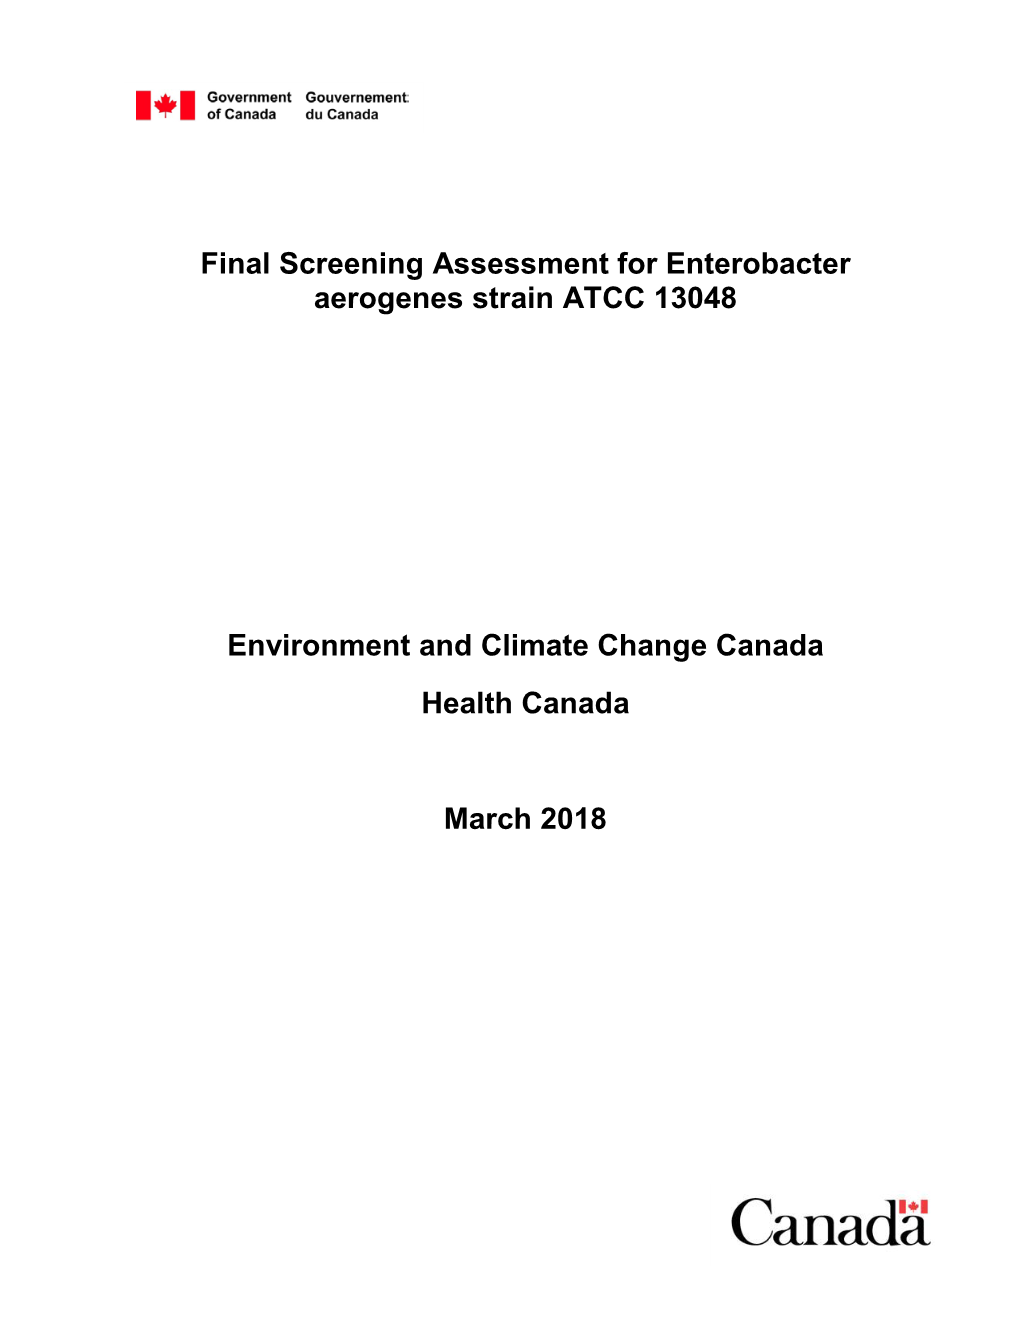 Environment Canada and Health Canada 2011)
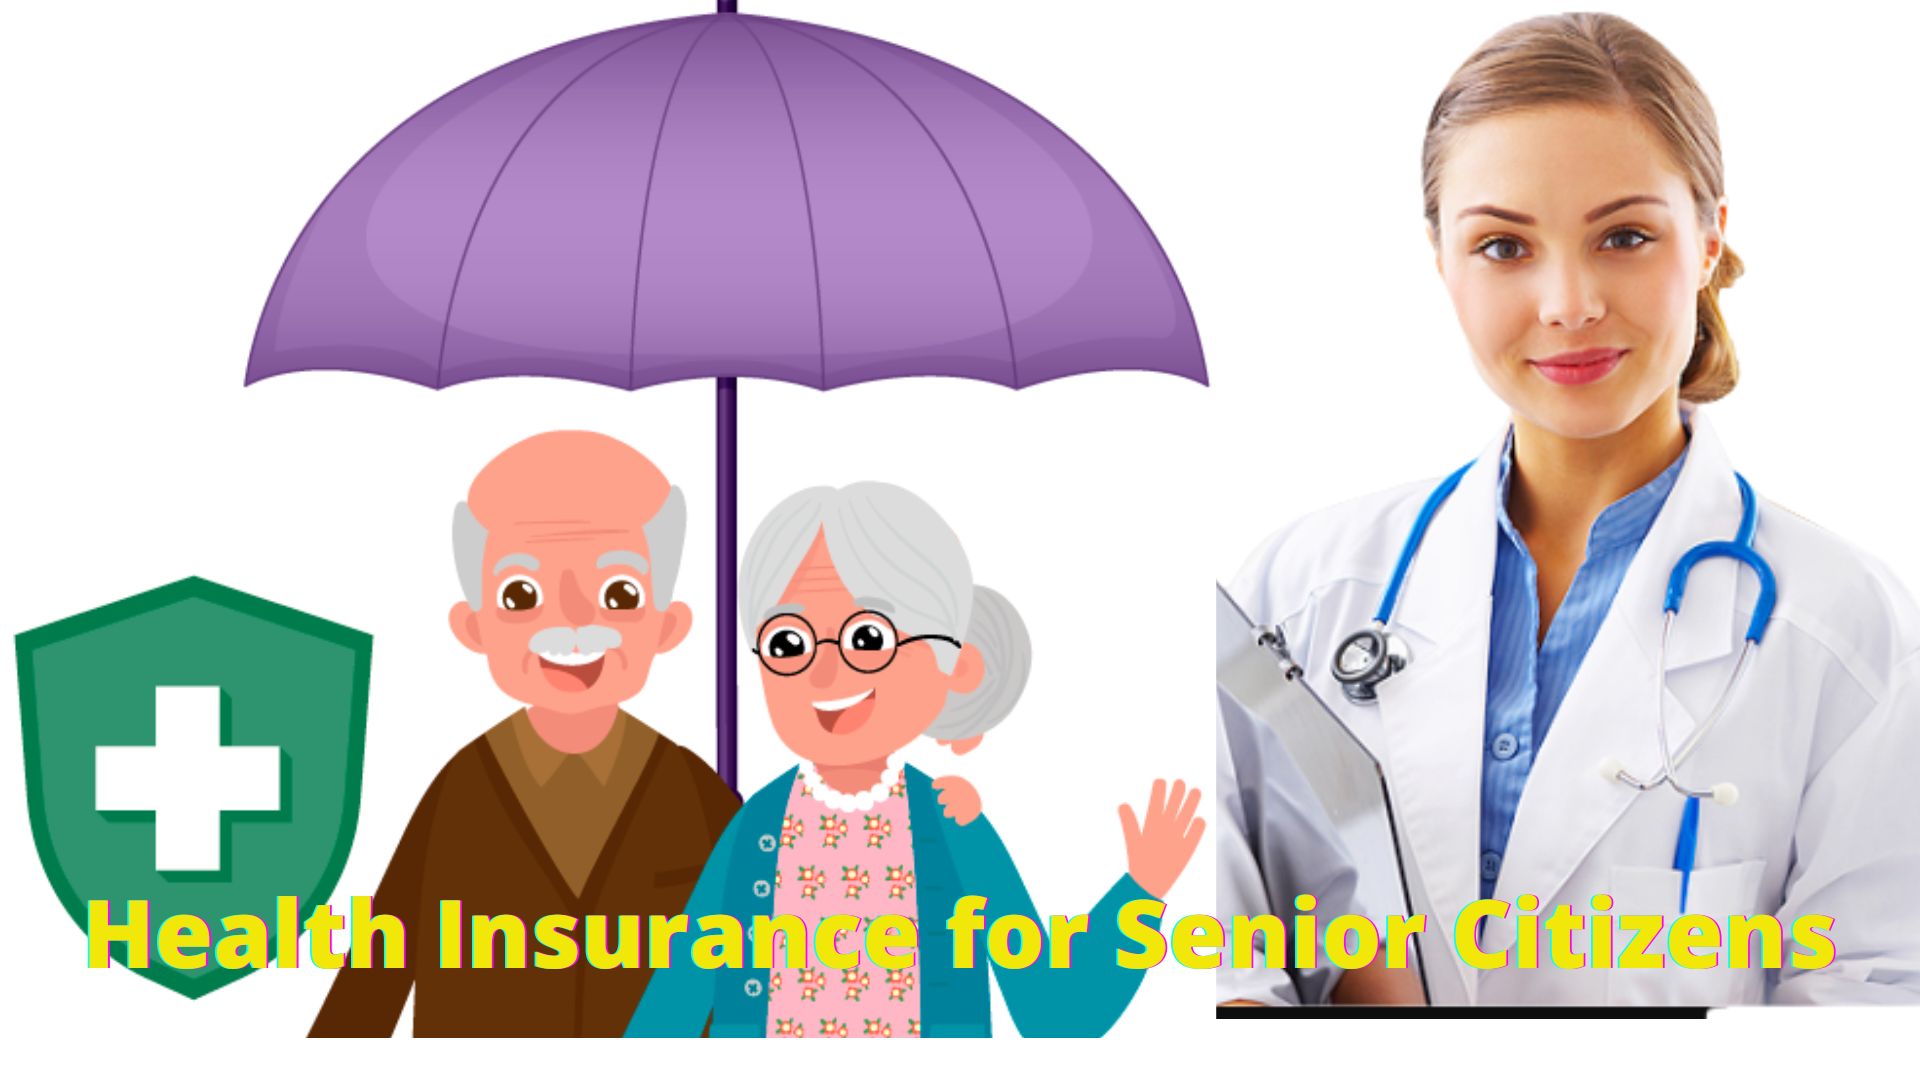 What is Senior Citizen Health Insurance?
...
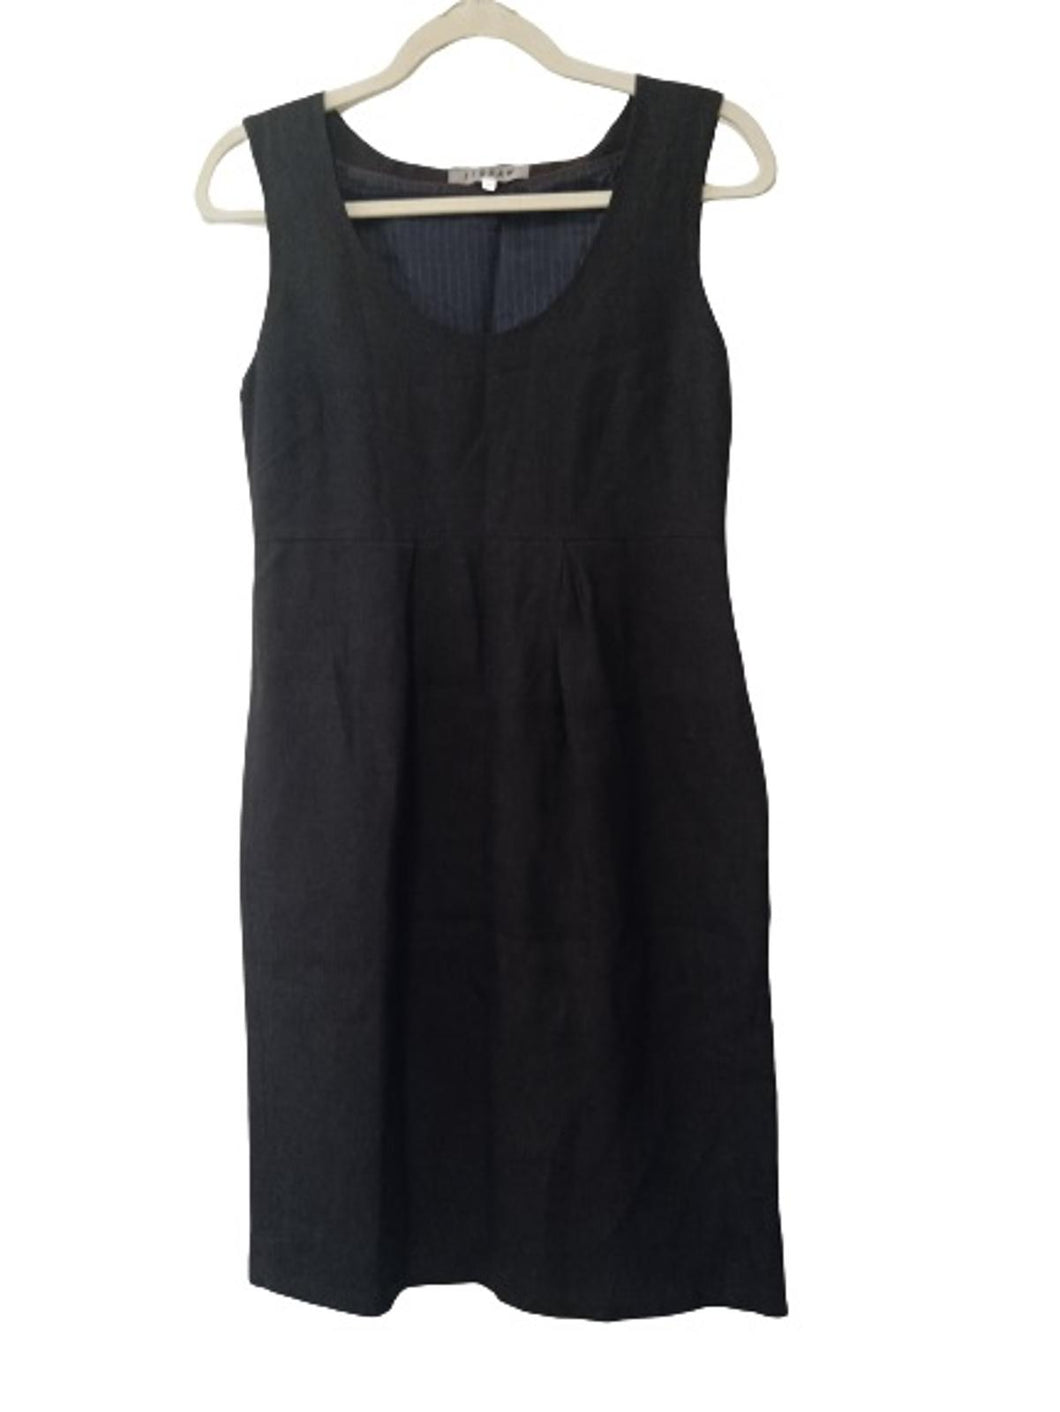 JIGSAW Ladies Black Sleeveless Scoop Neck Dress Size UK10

* _WHAT THE TASK REQUIRES_: Give again, exactly as written above, each line from the one that has "Environment Canada and Health Canada 2011)" to the one that has "What is Senior Citizen Health Insurance?", both included; omit the pictures.

* _RESULT BELOW_:
 Environment Canada and Health Canada 2011)
 What is Senior Citizen Health Insurance?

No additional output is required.